ACTIVITY: Output the data in full. Keep every word exact and exclude the pictures.

SUPPLIED DATA:
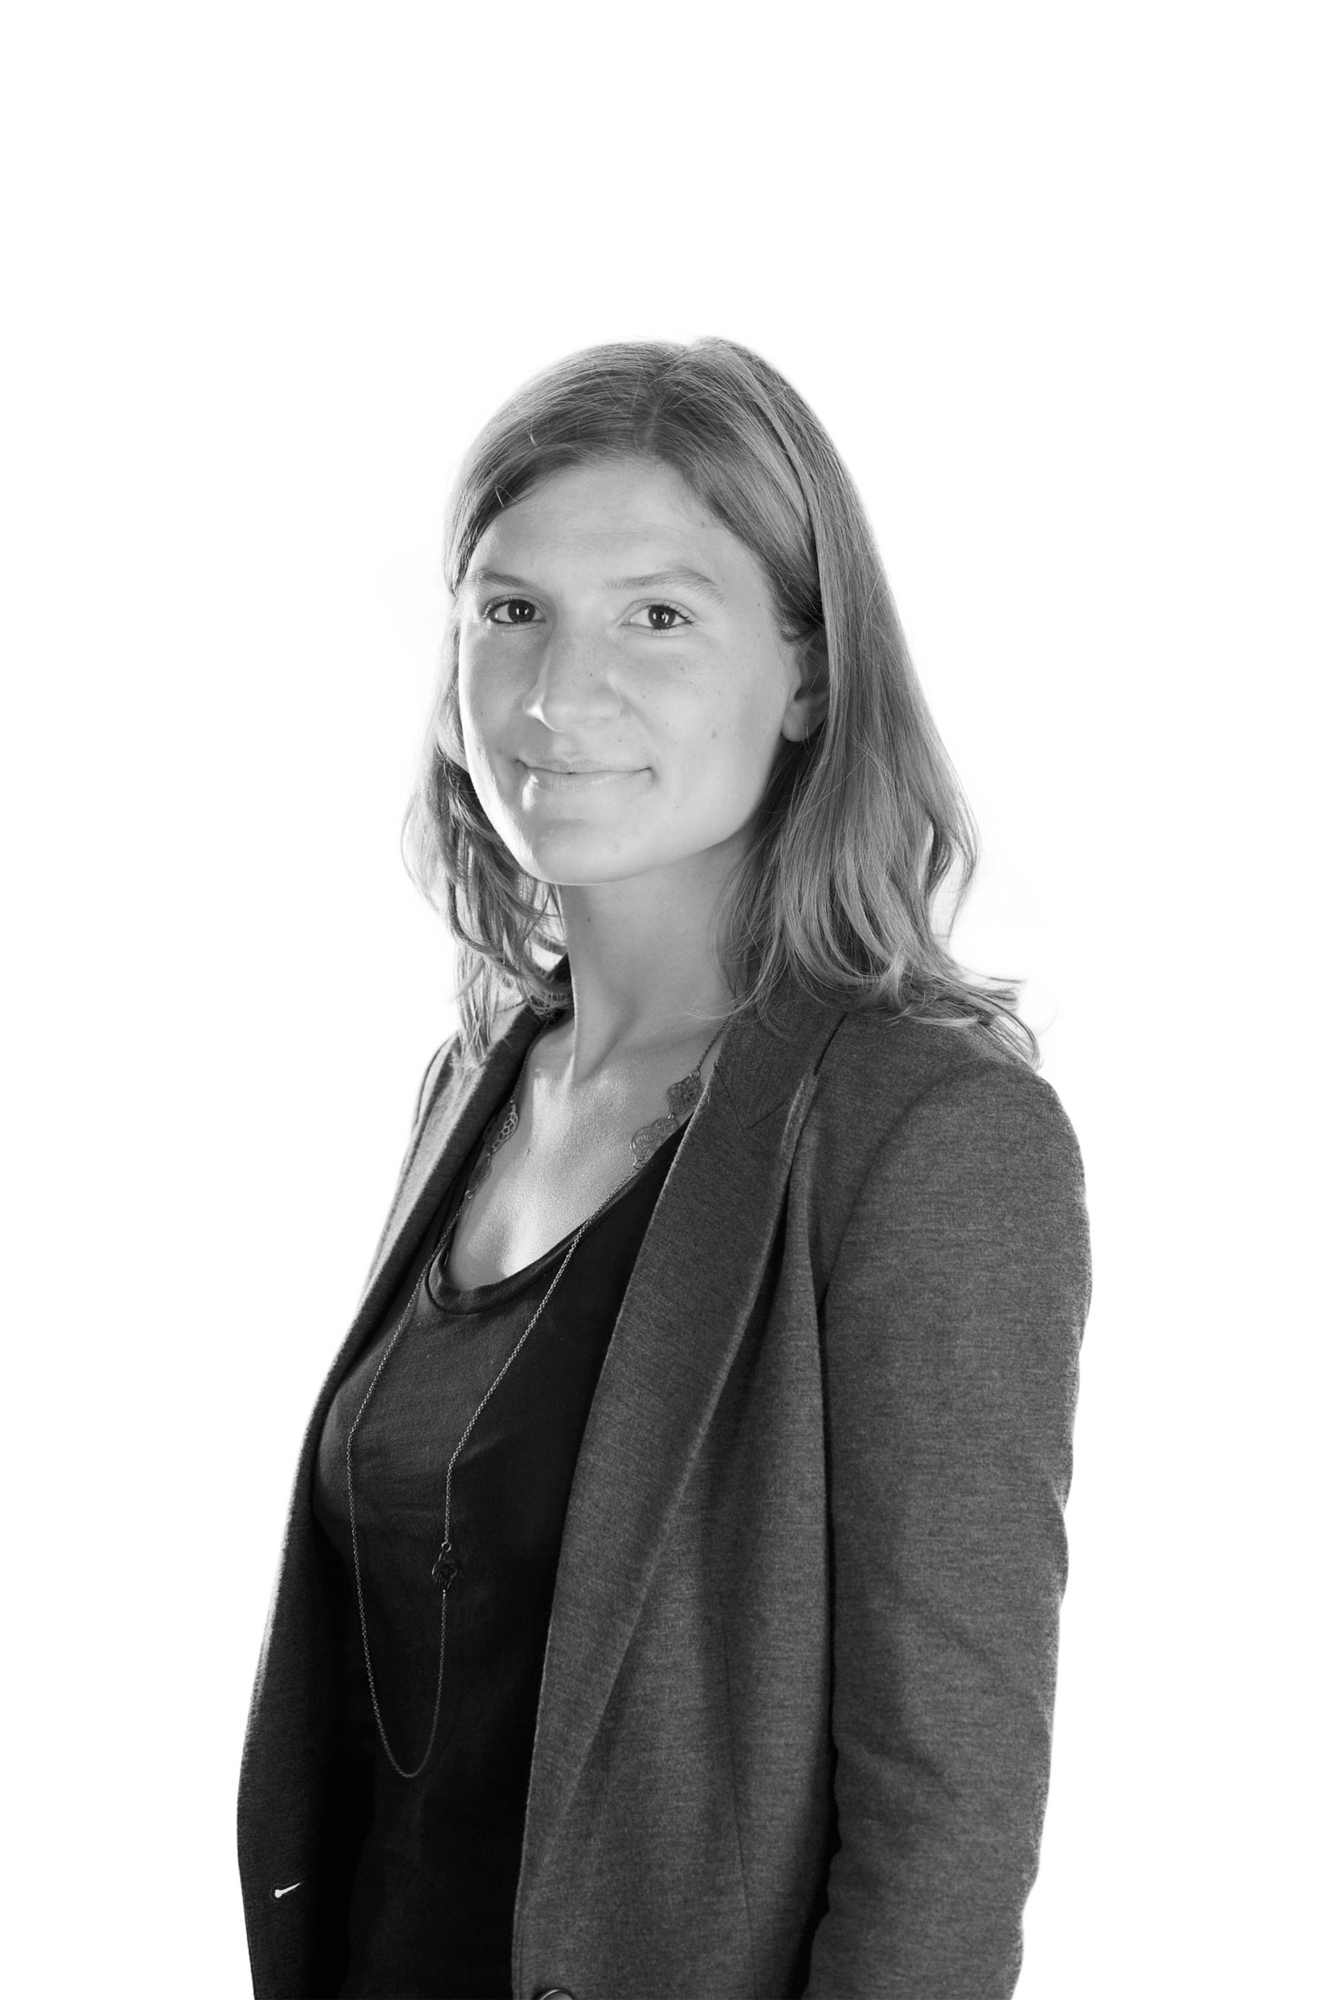 Aurelie de Ridder   T  +32 (0)2 501 61 17  F  +32 (0)2 514 22 31  E :   a.deridder@wery.legal
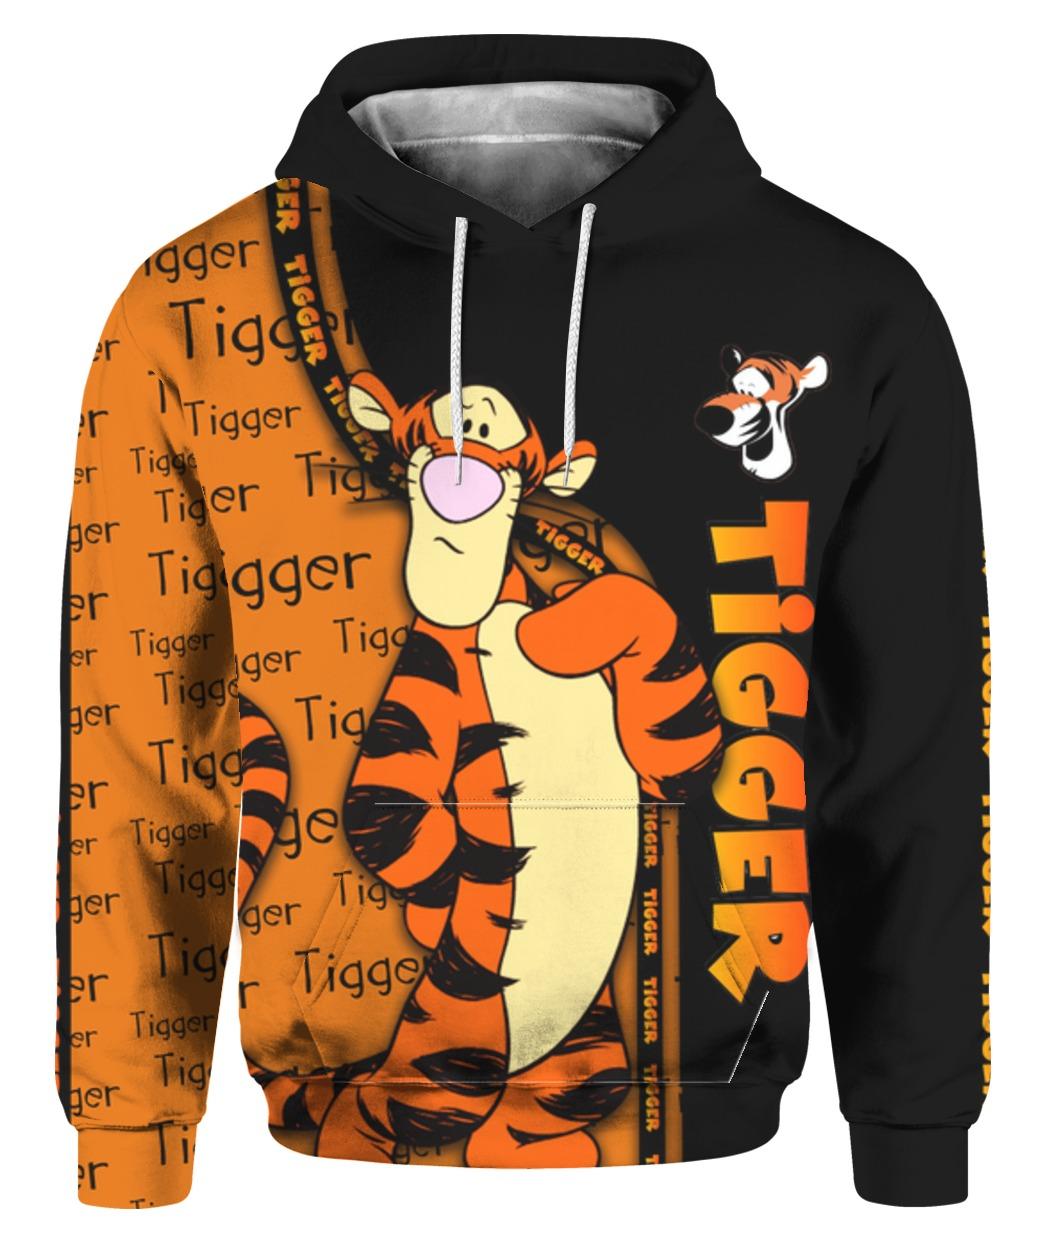 Tigger winnie-the-pooh full printing hoodie 1
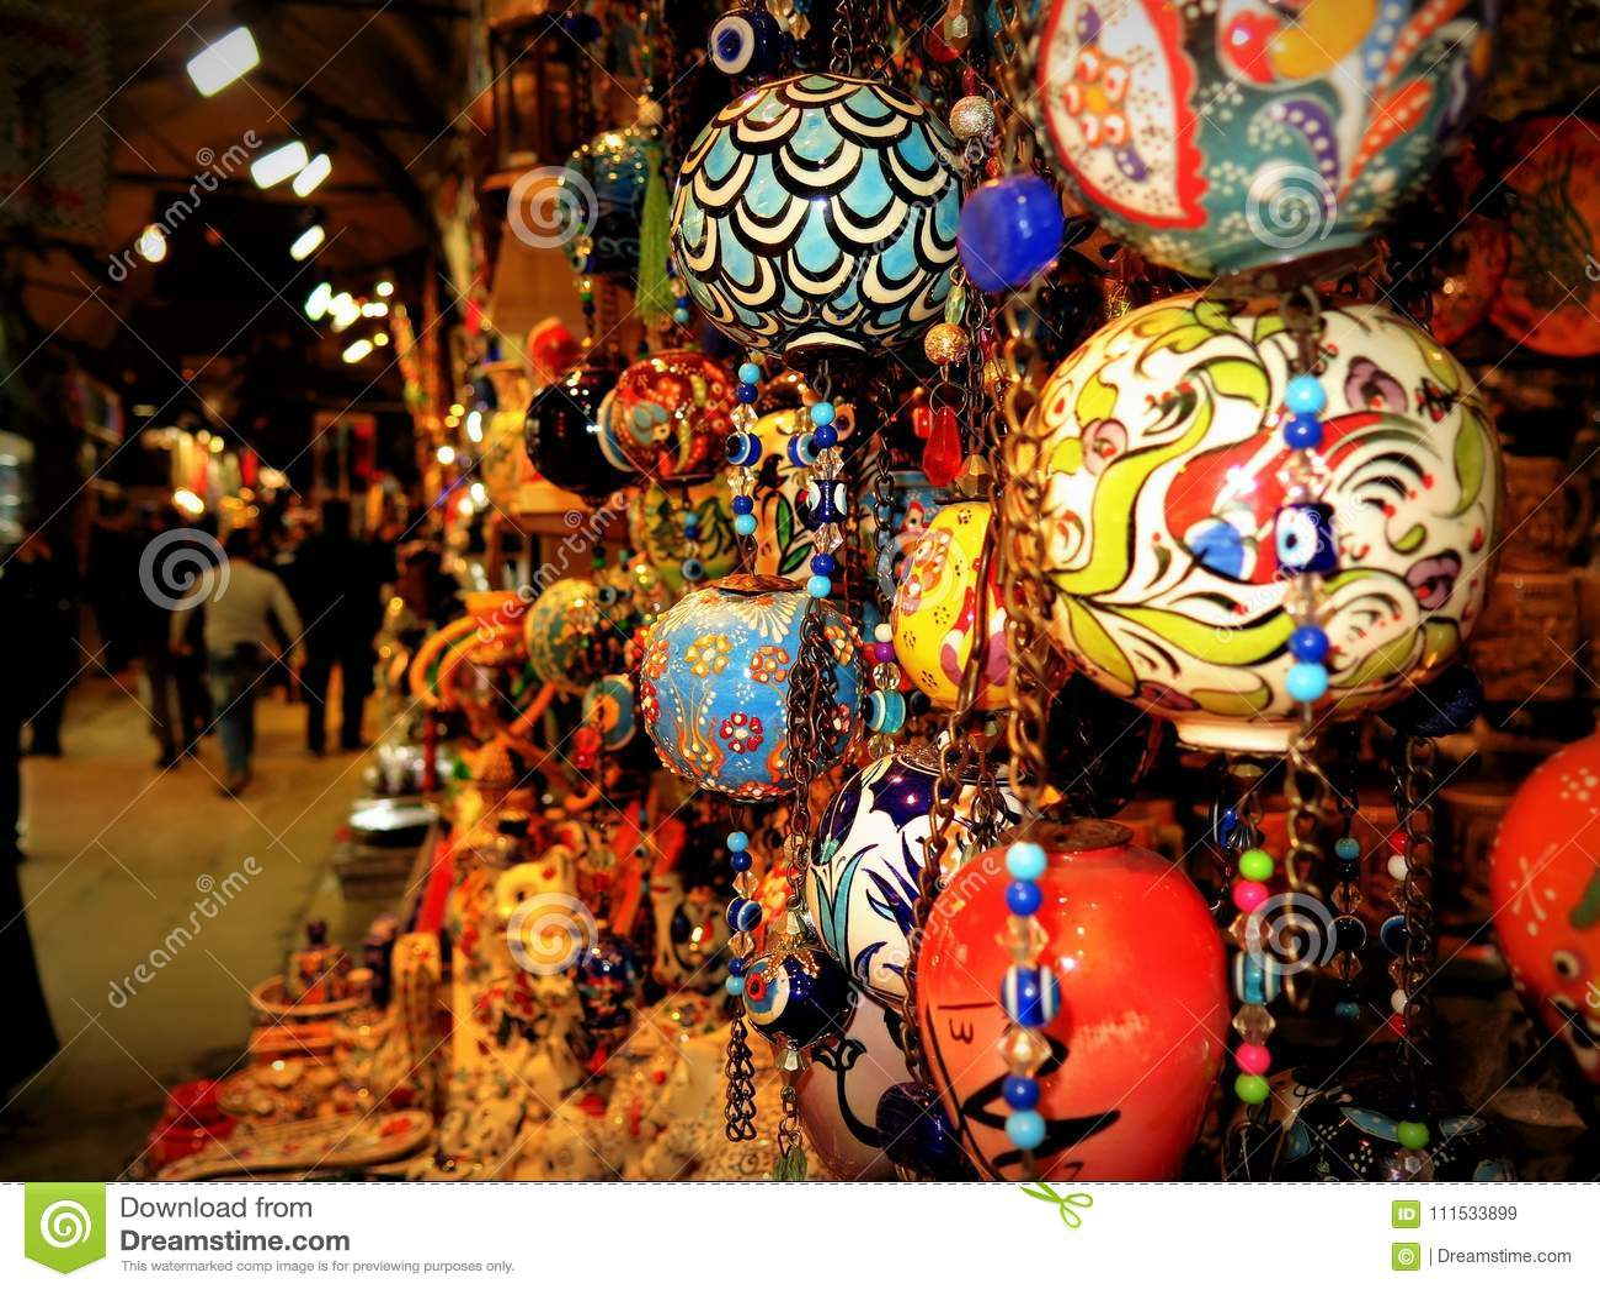 Sfera ornamenty w Istanbul bazarze

REPLY TO THE EXERCISE:
 Aurelie de Ridder   T  +32 (0)2 501 61 17  F  +32 (0)2 514 22 31  E :   a.deridder@wery.legal
 Tigger winnie-the-pooh full printing hoodie 1
 Sfera ornamenty w Istanbul bazarze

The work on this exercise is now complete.